4. A student has difficulty reading the blackboard while sitting in the last row. What could be the defect the child is suffering from? How can it be corrected?

Answer-

The student is suffering from short-sightedness or myopia. Myopia can be corrected by the use of concave or diverging lens of an appropriate power.

Page No: 197

Exercise

1. The human eye can focus objects at different distances by adjusting the focal length of the eye lens. This is due to

(a) presbyopia

(b) accommodation

(c) near-sightedness

(d) far-sightedness

Answer-

(b) accommodation

Due to accommodation the human eye can focus objects at different distances by adjusting the focal length of the eye lens.

Page No: 198

2. The human eye forms an image of an object at its

(a) cornea

(b) iris

(c) pupil

(d) retina

Answer –

(d) retina

The retina is the layer of nerve cells lining the back wall inside the eye. This layer senses light and sends signals to the brain so you can see.

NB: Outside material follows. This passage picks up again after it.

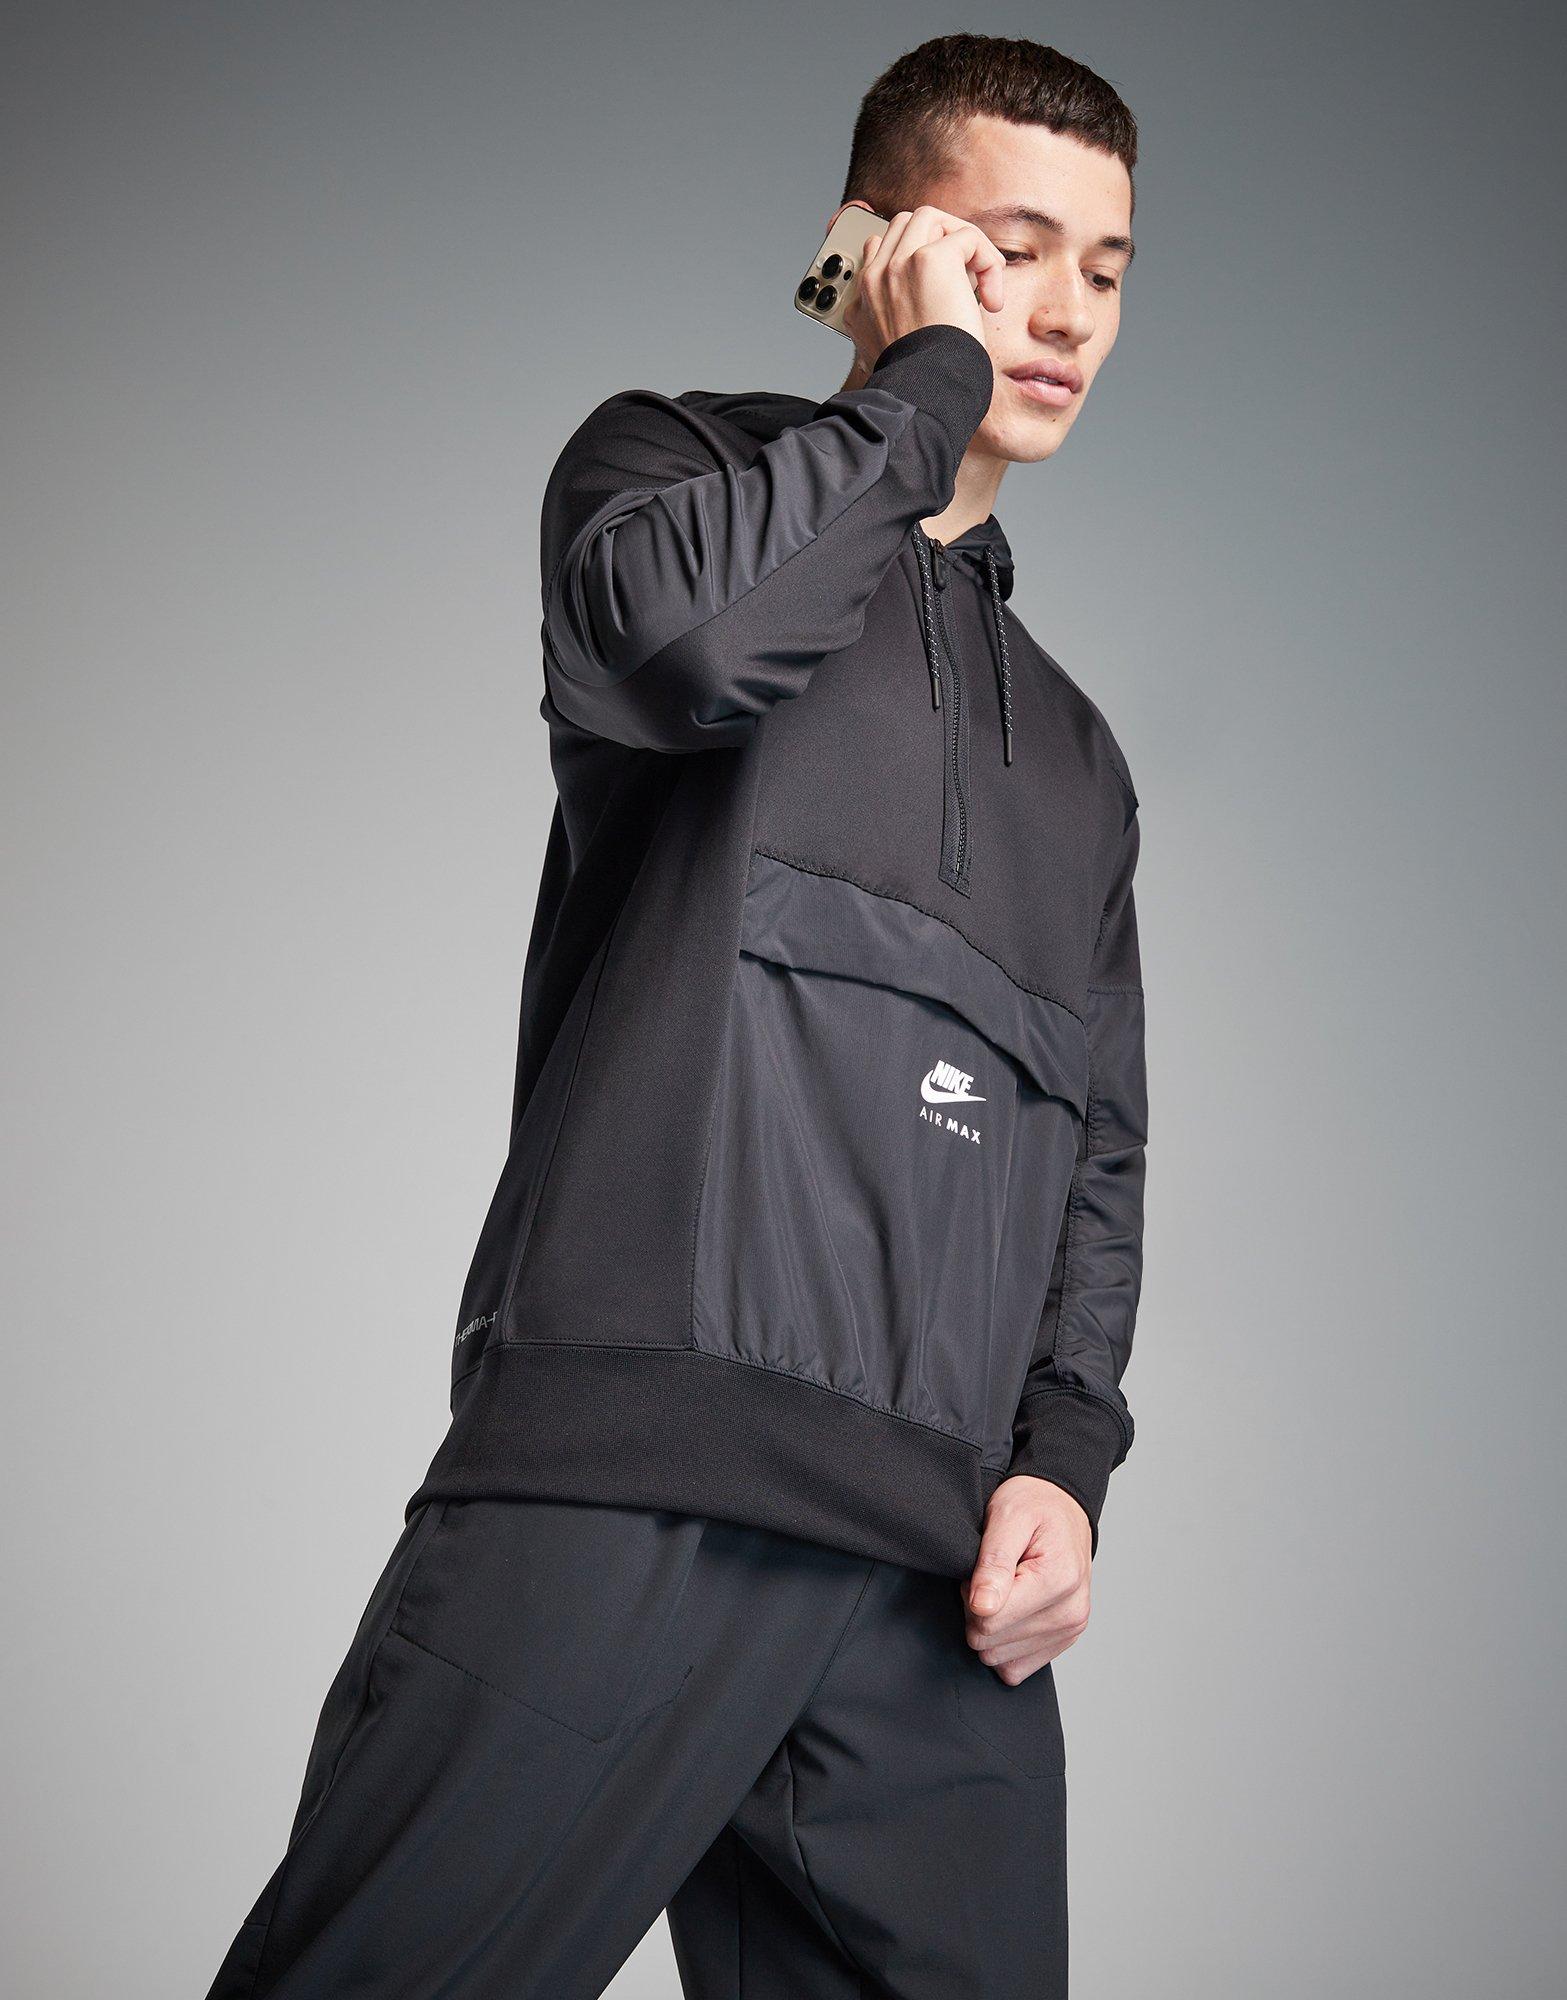 Nike Air zipped front leggings in black

3. The least distance of distinct vision for a young adult with normal vision is about

(a) 25 m

(b) 2.5 cm

(c) 25 cm

(d) 2.5 m

Answer –

(c) 25 cm

25 cm is the least distance of distinct vision for a young adult with normal vision.

4. The change in focal length of an eye lens is caused by the action of the

(a) pupil

(b) retina

(c) ciliary muscles

(d) iris

Answer-

(c) ciliary muscles

The action of the ciliary muscles changes the focal length of an eye lens

5. A person needs a lens of power -5.5 dioptres for correcting his distant vision. For correcting his near vision he needs a lens of power +1.5 dioptre. What is the focal length of the lens required for correcting (i) distant vision, and (ii) near vision?

Answer-

The power (P) of a lens of focal length f is given by the relation

Power (P) = 1/f

(i) Power of the lens (used for correcting distant vision) = – 5.5 D

Focal length of the lens (f) = 1/P

= 1/-5.5

= -0.181 m

The focal length of the lens (for correcting distant vision) is – 0.181 m.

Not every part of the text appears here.